→ **Problem requirements**: Output every line below exactly, please, omitting pictures.

→ **Dataset extract**:
******
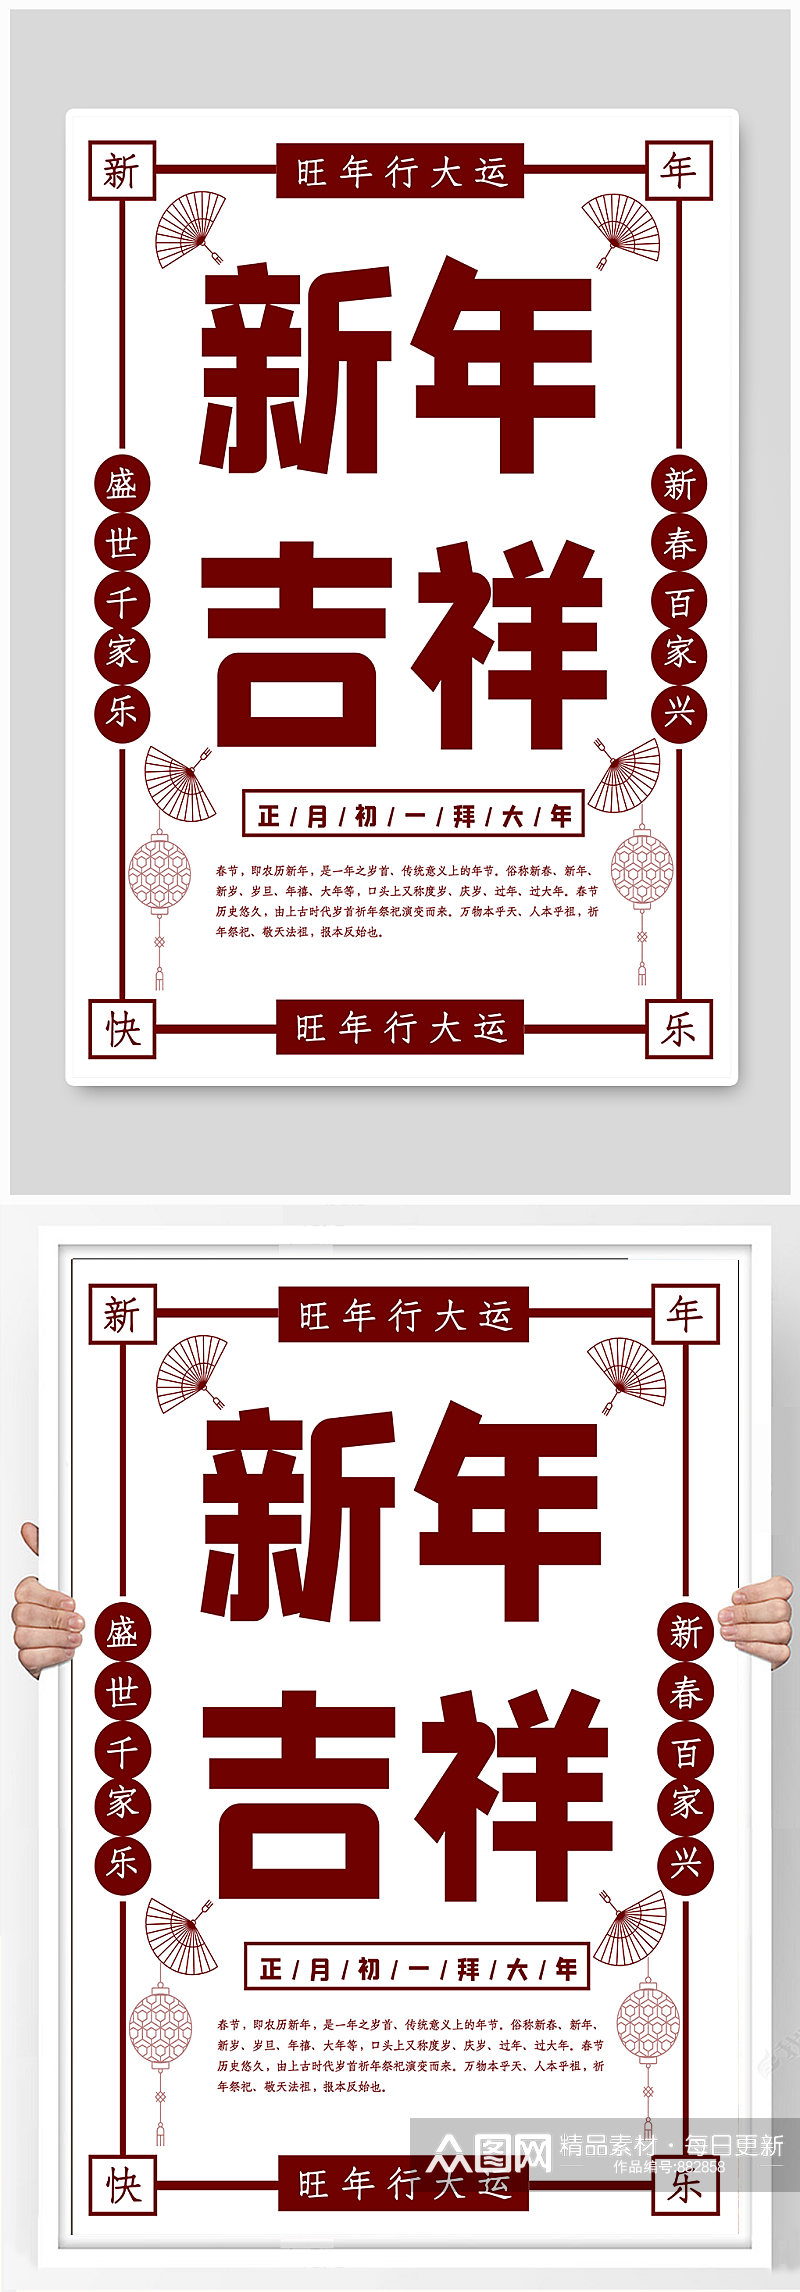 传统节日春节海报素材
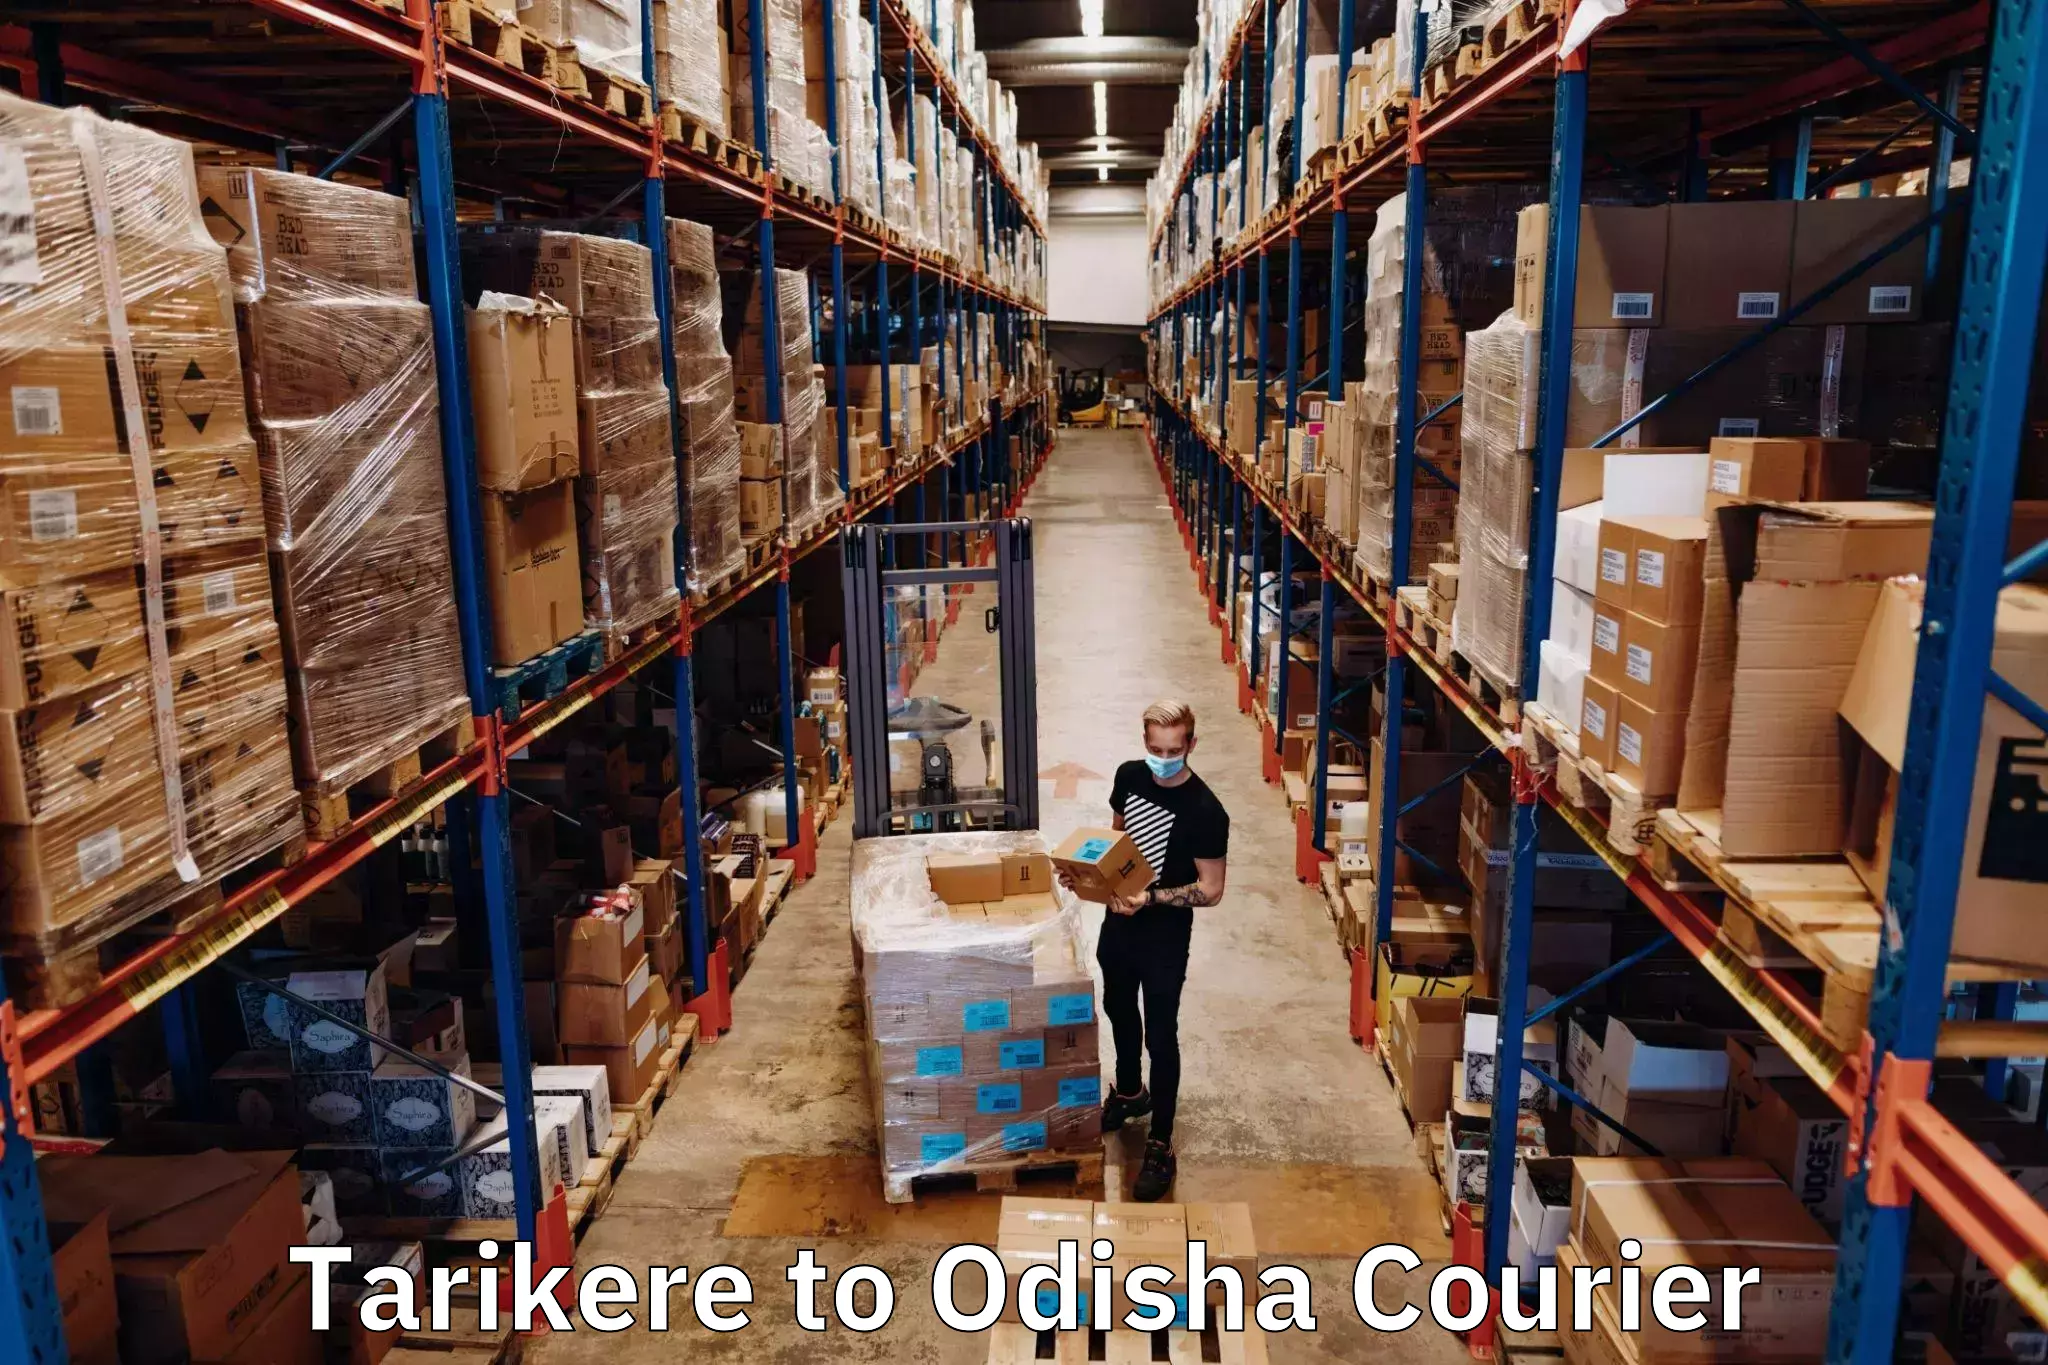 Next-generation courier services Tarikere to Raikia
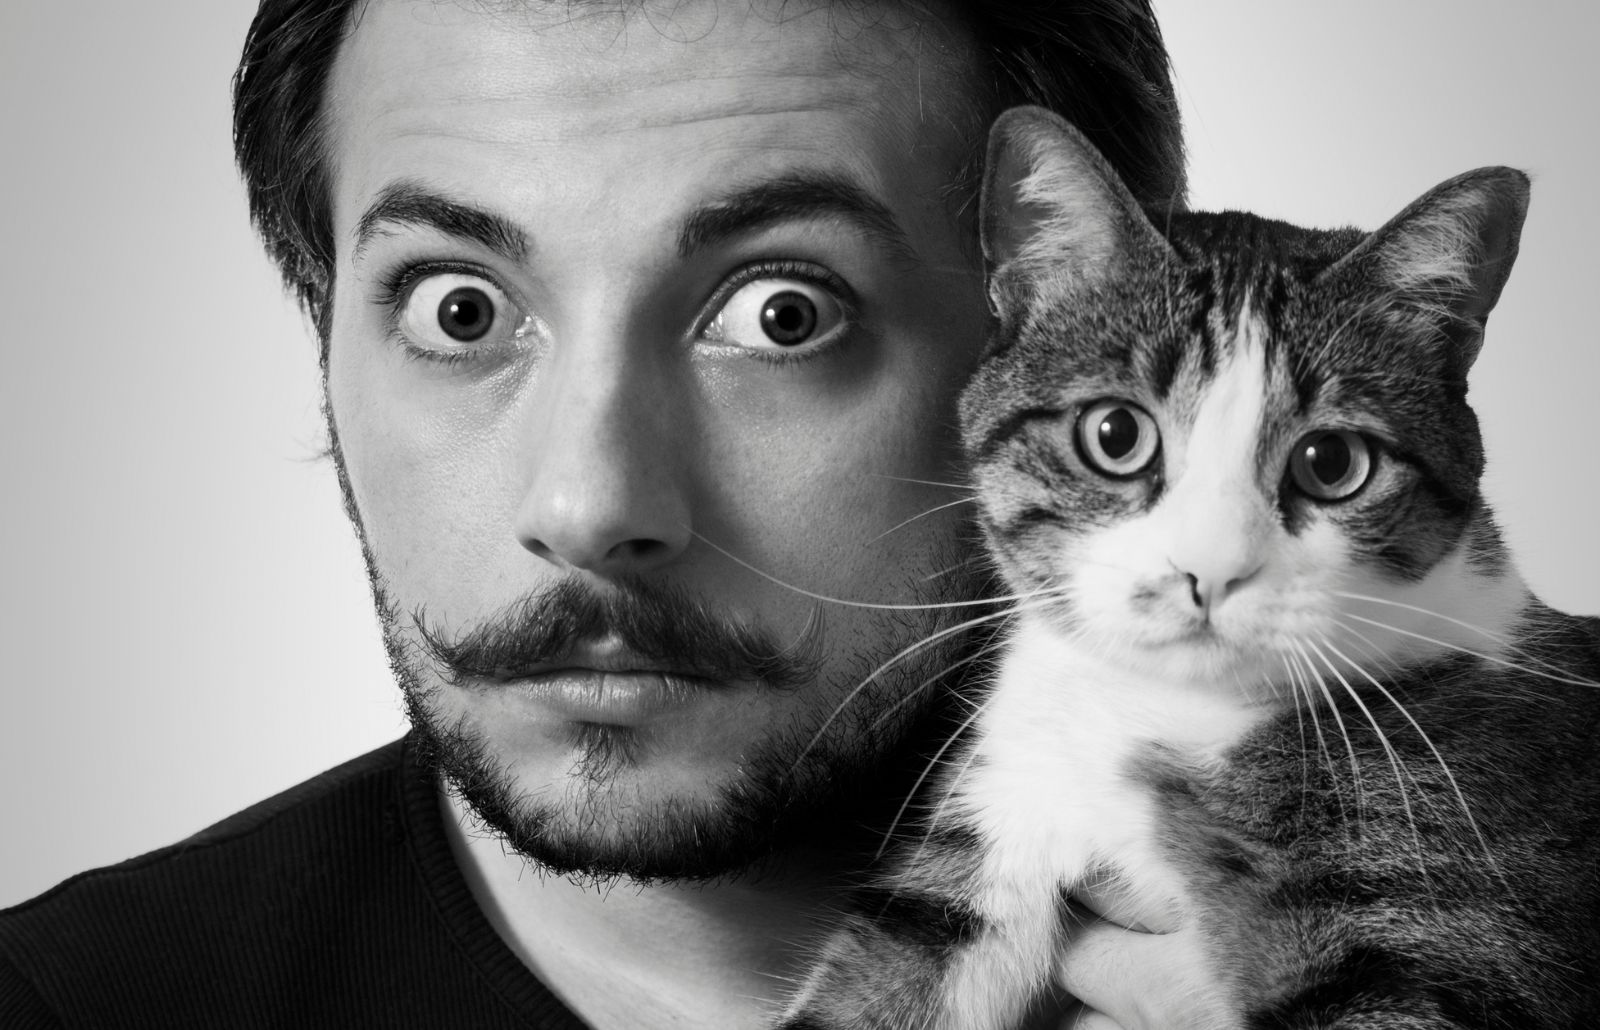 Foto in bianco e nero di Salvador Dal che tiene nelle mani un gatto vicino al suo viso.
******
→ **Written solution**:
 传统节日春节海报素材
 Next-generation courier services Tarikere to Raikia
 Foto in bianco e nero di Salvador Dal che tiene nelle mani un gatto vicino al suo viso.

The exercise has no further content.